Of all the work exhibited within the two floors and numerous rooms of work at this year’s BFA show, perhaps the most outstanding was an installation of three photographs by Anthony Carfello, entitled Commencement. Each image represents the artist taking part in fictional rights of passage into the art world. In one, he is tattooed with the word “artist” (so, as his website says, “If I’m ever in an accident, the paramedics will know that this is not just any corpse they’re carrying, but one of an artist”), in another, Carfello is photographed at a debutante ball on the front steps of the Museum of Contemporary Art. In the first, and most on-point image, Carfello is drafted— à la college football—by a top gallery, receiving a hat that says “Artworld” and a jersey that reads “Emerging ’07.”

 

carfallo


Extensive conversation has been initiated in regards to the direction of art after postmodernism, after much that can be done has been done. Carfello transforms the seriousness of this debate—and the sanctity of the artworld which values it—into one big, elaborate joke.
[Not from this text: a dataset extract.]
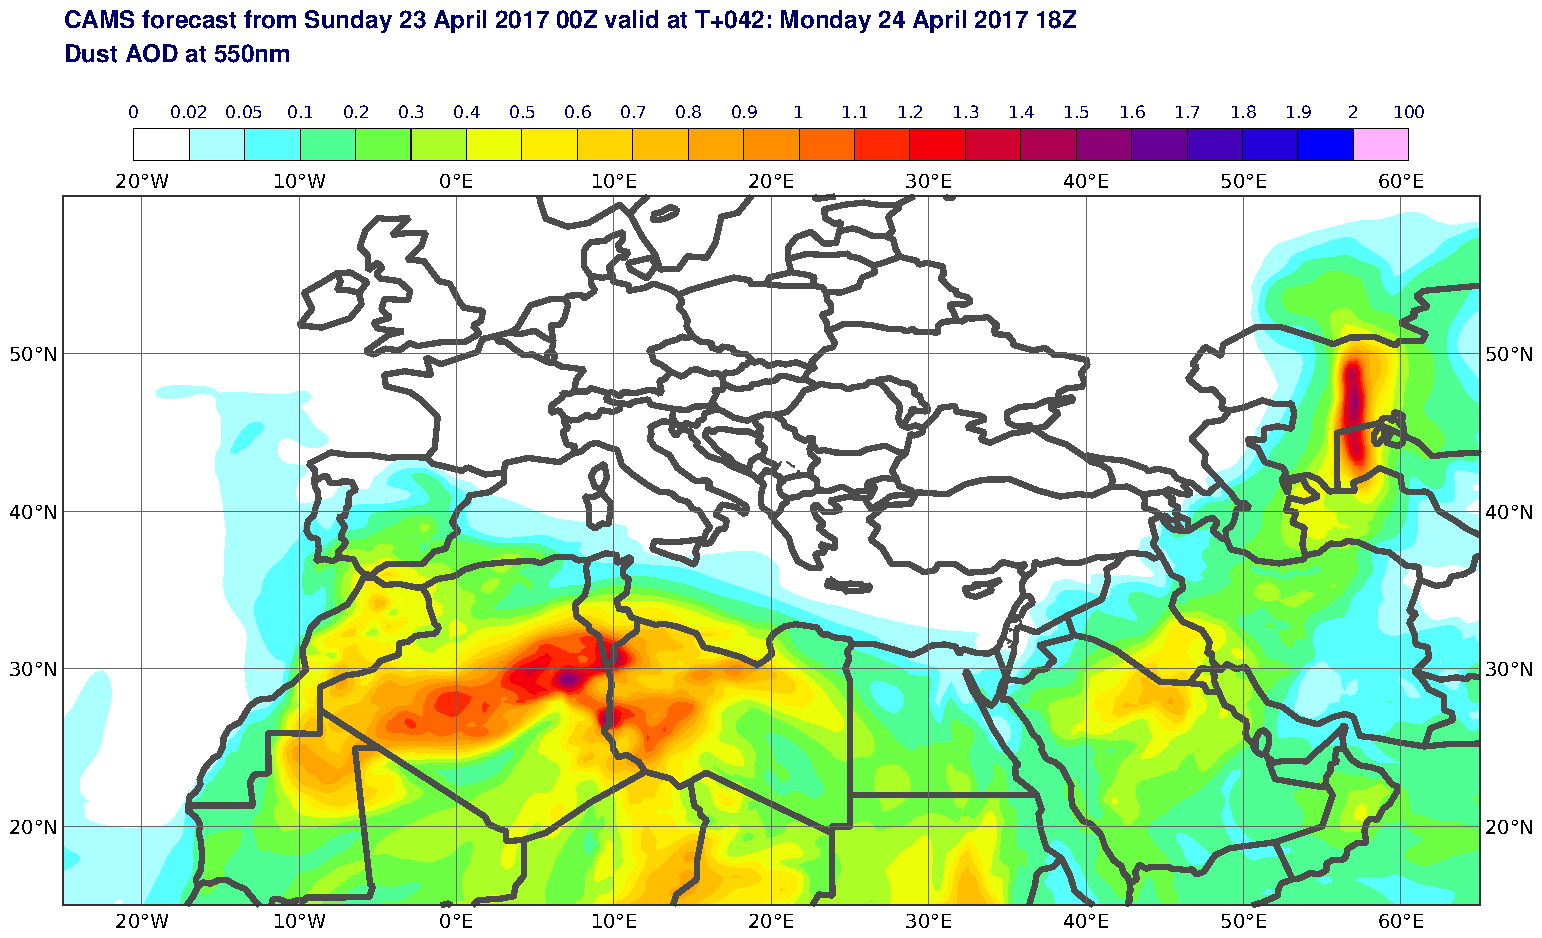 Dust AOD at 550nm valid at T42 - 2017-04-24 18:00

Offensive, maybe; more significantly, though, Commencement is really apt and really, really funny. Carfello’s work demonstrates a mature and intelligent understanding of both the impenetrability of the art market as well as the issues that plague contemporary critics and theorists. Instead of frustratingly attempting to work within the confines and dictates of such institutions, he addresses them directly. Carfello makes a number of joking allusions to being an artist to watch, but in this humor, there is, ultimately, a lot of truth.